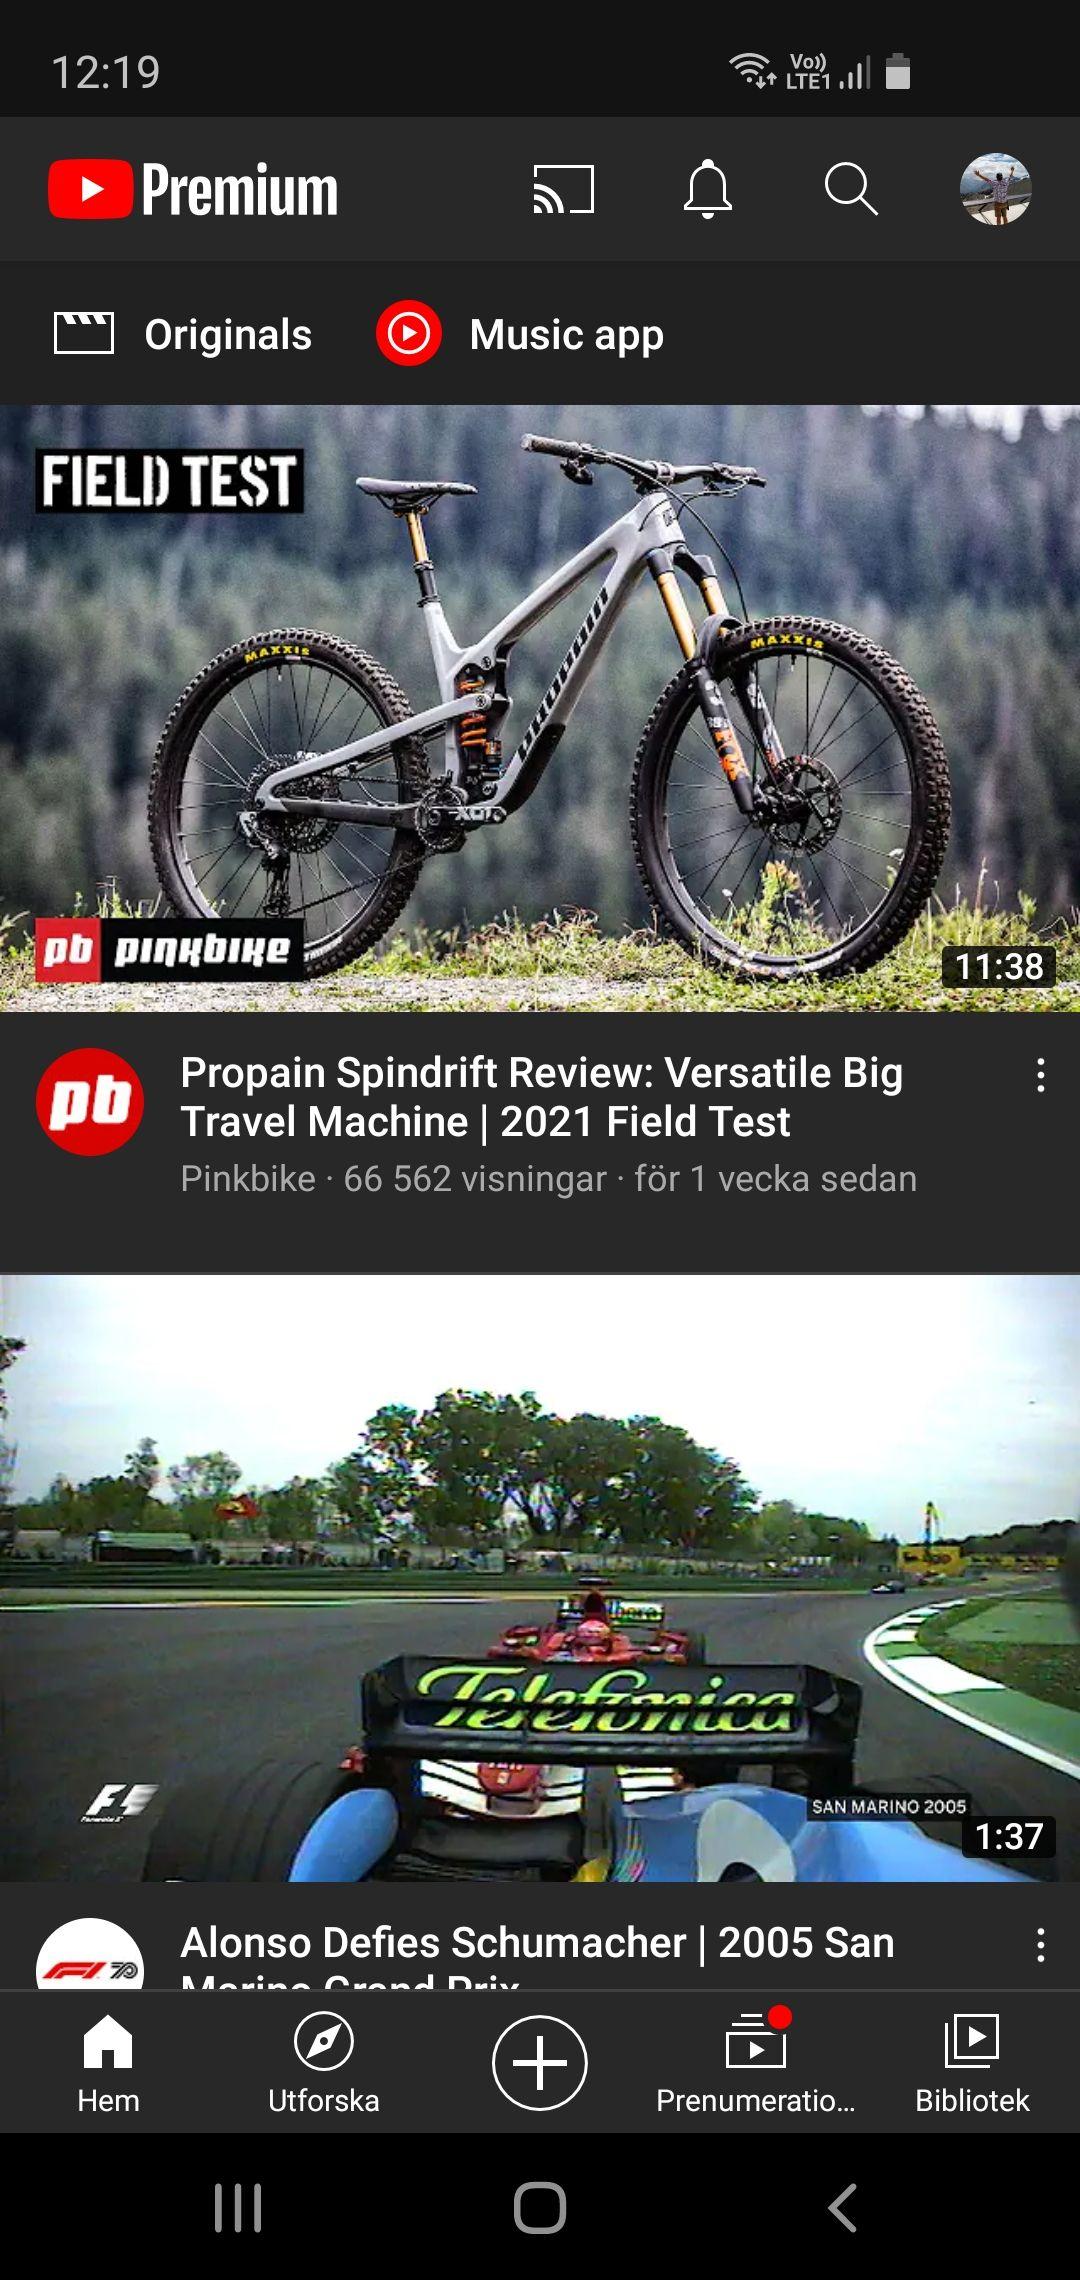 Screenshot_20201227-121915_YouTube.jpg
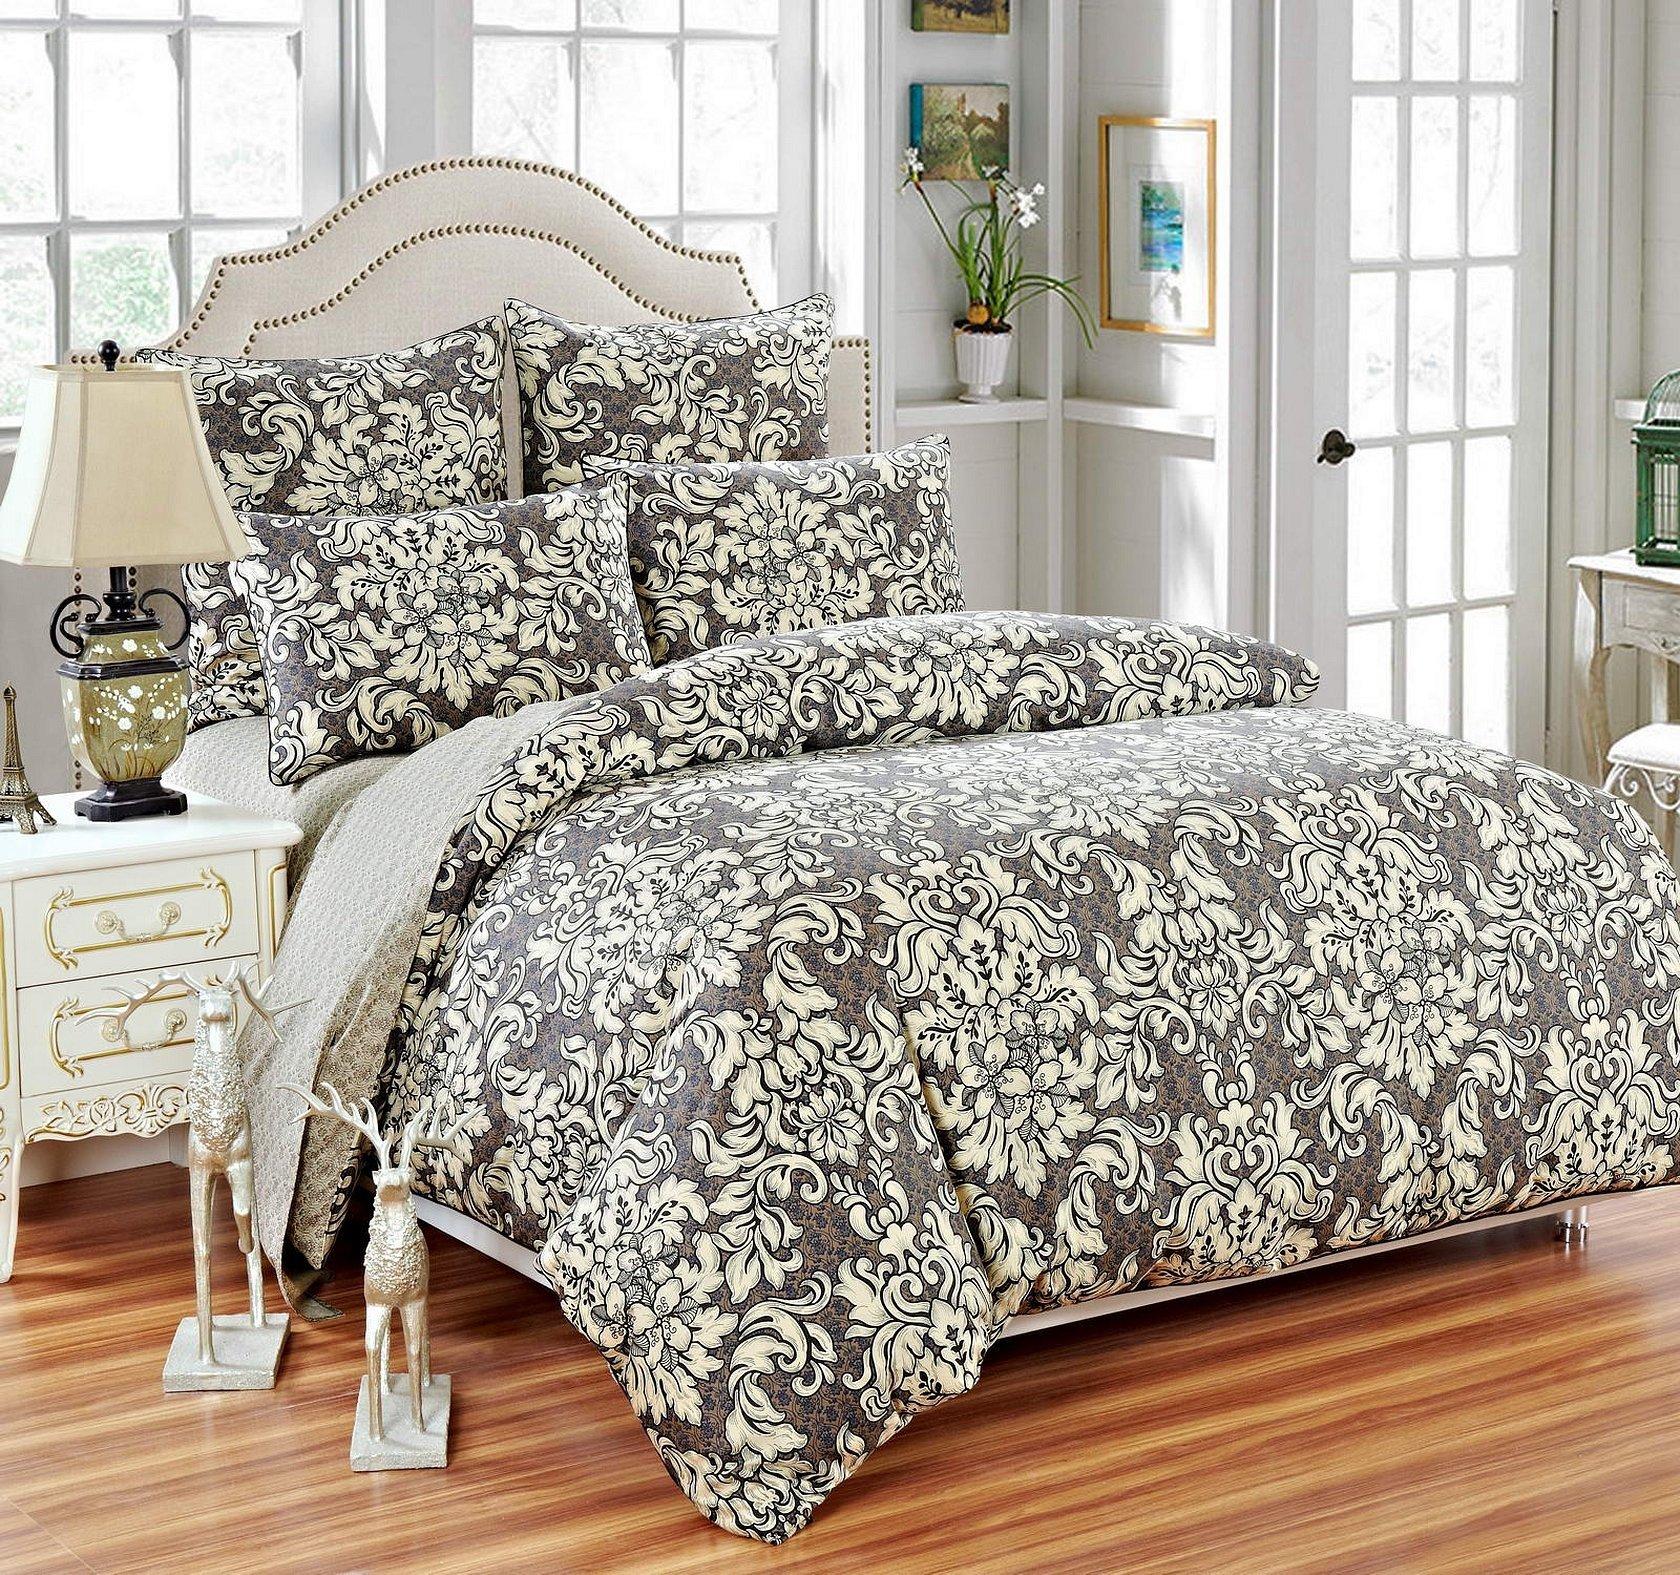 Комплект постельного белья от софи де марко
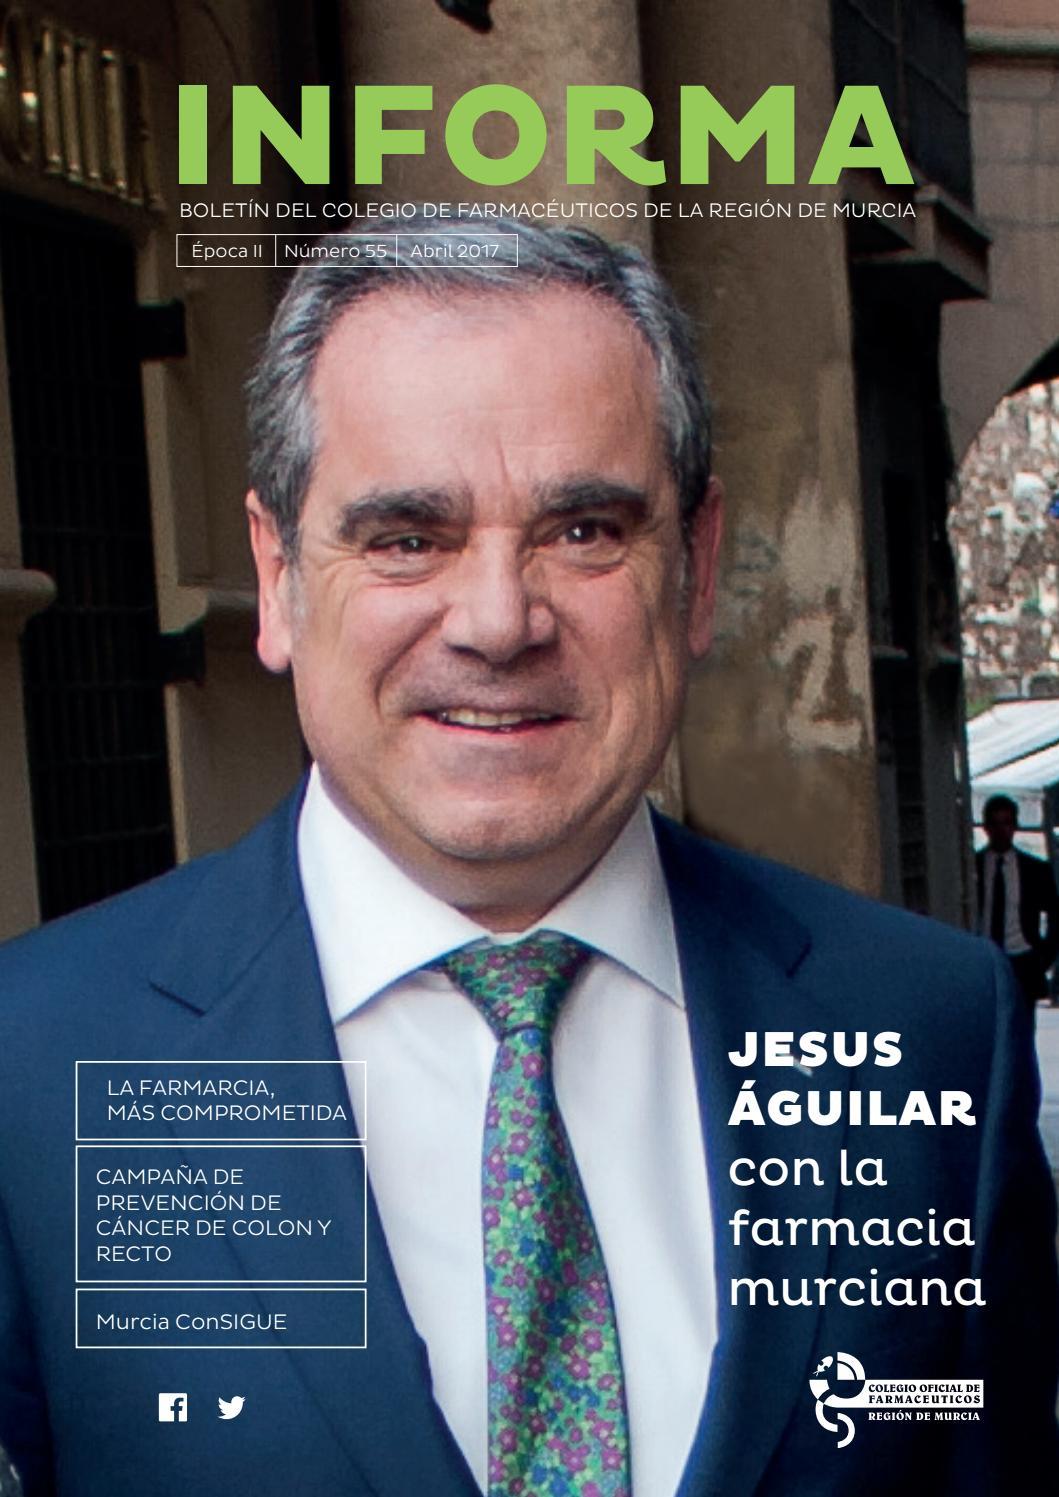 Informa Nº 55 by Colegio Oficial de Farmacéuticos de la Región de ...

▶ **DIRECTIONS**
Every picture stays out; reproduce exactly the lines from the one with "Комплект постельного белья от софи де марко" through the last line of the data above.

▶ **FINISHED EXERCISE**
 Комплект постельного белья от софи де марко
 Informa Nº 55 by Colegio Oficial de Farmacéuticos de la Región de ...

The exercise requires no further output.